Search code examples
pythonrscipybetaparameterization

alpha and beta estimates for beta binomial and beta distributions


I am trying to fit my data to a beta-binomial distribution and estimate the alpha and beta shape parameters. For this distribution, the prior is taken from a beta distribution. Python does not have a fit function for beta-binomial but it does for beta. The python beta fitting and R beta binomial fitting is close but systematically off.

R:

library("VGAM")
x = c(222,909,918,814,970,346,746,419,610,737,201,865,573,188,450,229,629,708,250,508)
y = c(2,18,45,11,41,38,22,7,40,24,34,21,49,35,31,44,20,28,39,17)
fit=vglm(cbind(y, x) ~ 1, betabinomialff, trace = TRUE)
Coef(fit)
   shape1    shape2 
  1.736093 26.870768

python:

import scipy.stats
import numpy as np
x = np.array([222,909,918,814,970,346,746,419,610,737,201,865,573,188,450,229,629,708,250,508], dtype=float)
y = np.array([2,18,45,11,41,38,22,7,40,24,34,21,49,35,31,44,20,28,39,17])
scipy.stats.beta.fit((y)/(x+y), floc=0, fscale=1)
    (1.5806623978910086, 24.031893492546242, 0, 1)

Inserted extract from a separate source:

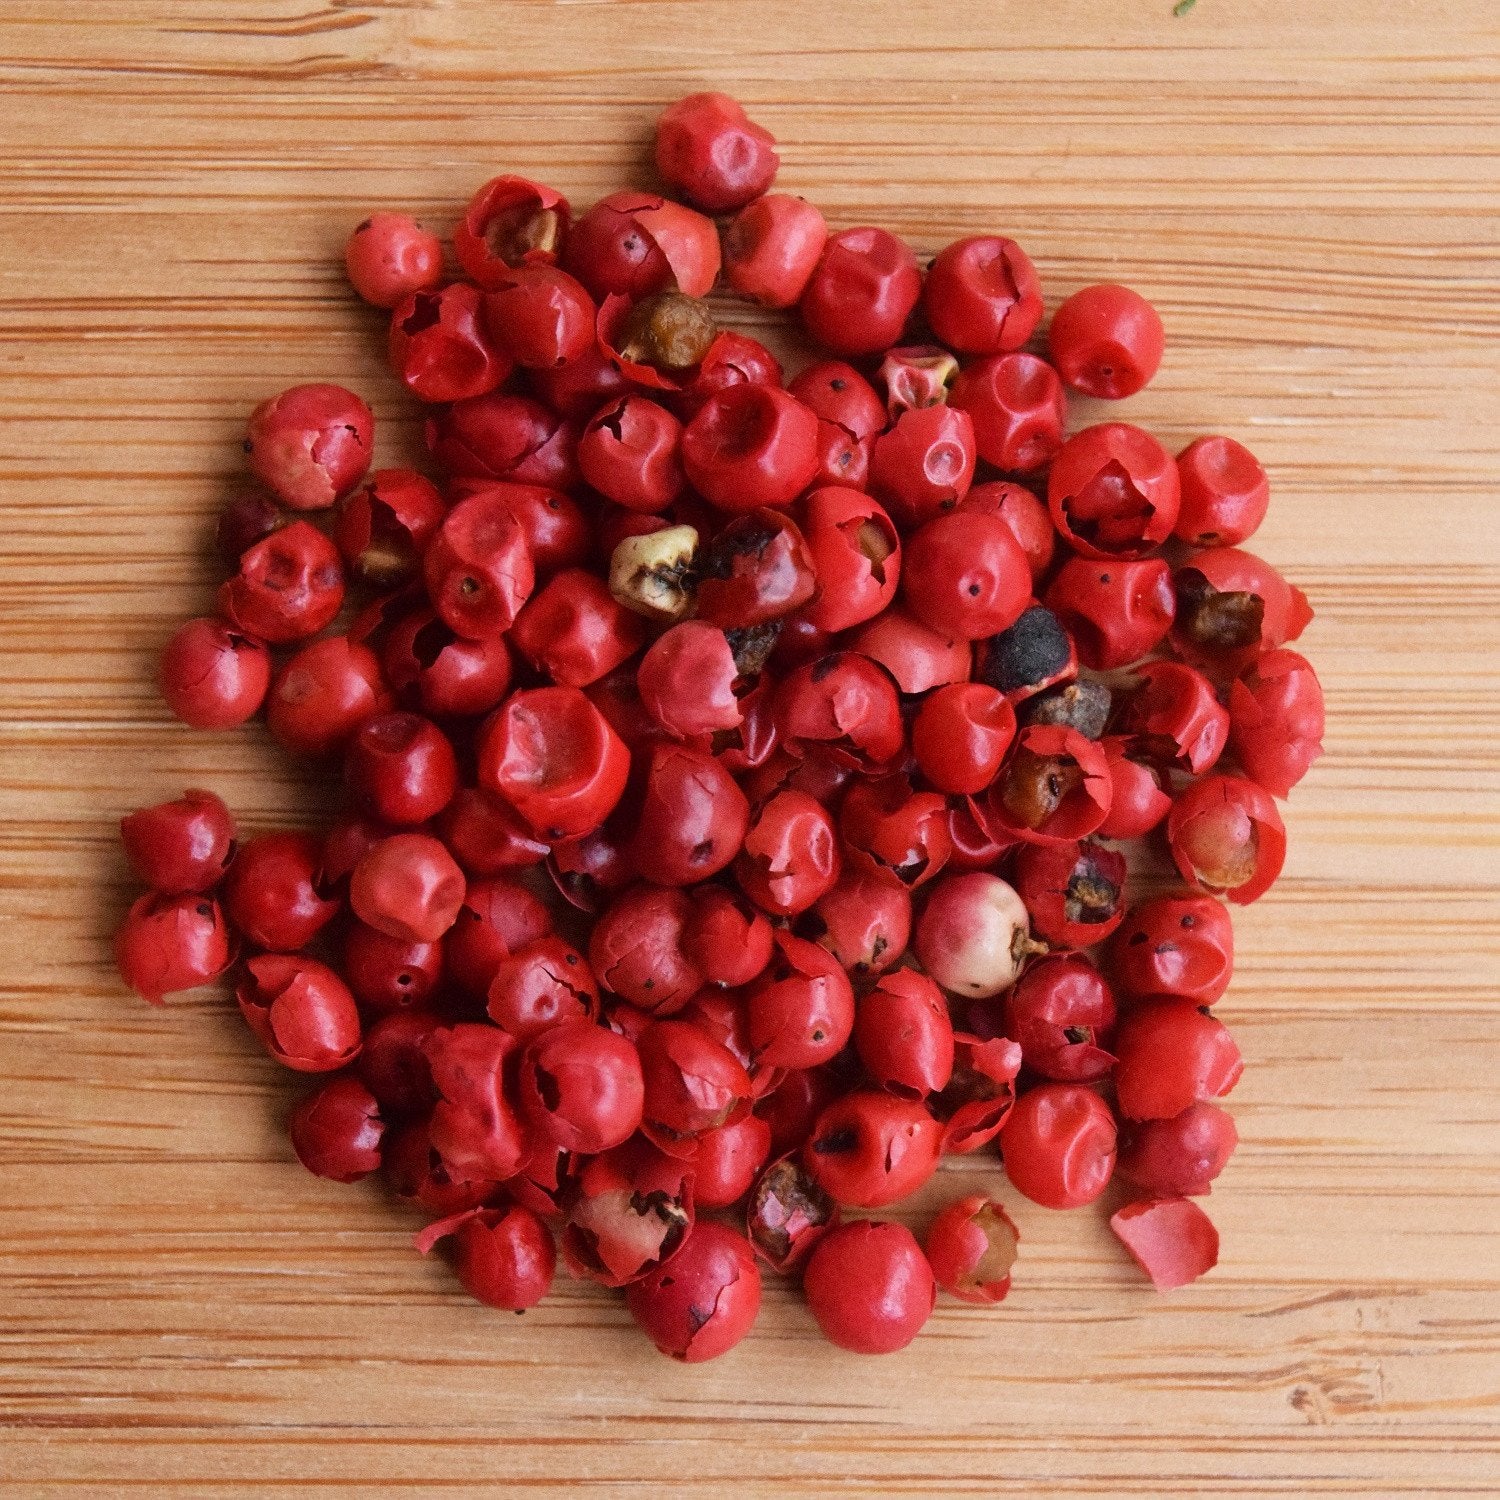 Pink Peppercorn, Whole Pink Peppercorns, Loose Whole Peppercorns

I have done this many times and it seems like python is systematically a little bit lower than the R results. I was wondering if this is an input error on my part or just a difference in the way they are calculated?


Solution

  • Your problem is that fitting a beta-binomial model is just not the same as fitting a Beta model with the values equal to the ratios. I'm going to illustrate here with the bbmle package, which will fit similar models to VGAM (but with which I'm more familiar).

    Preliminaries:

    library("VGAM")  ## for dbetabinom.ab
    x <- c(222,909,918,814,970,346,746,419,610,737,
           201,865,573,188,450,229,629,708,250,508)
    y <- c(2,18,45,11,41,38,22,7,40,24,34,21,49,35,31,44,20,28,39,17)
    
    library("bbmle")
    

    Fit beta-binomial model:

    mle2(y~dbetabinom.ab(size=x+y,shape1,shape2),
         data=data.frame(x,y),
         start=list(shape1=2,shape2=30))
    ## Coefficients:
    ##    shape1    shape2 
    ##  1.736046 26.871526 
    

    This agrees more or less perfectly with the VGAM result you quote.

    Now use the same framework to fit a Beta model instead:

    mle2(y/(x+y) ~ dbeta(shape1,shape2),
         data=data.frame(x,y),
         start=list(shape1=2,shape2=30))
    ## Coefficients:
    ##    shape1    shape2 
    ## 1.582021 24.060570 
    

    This fits your Python, beta-fit result. (I'm sure if you used VGAM to fit the Beta you'd get the same answer too.)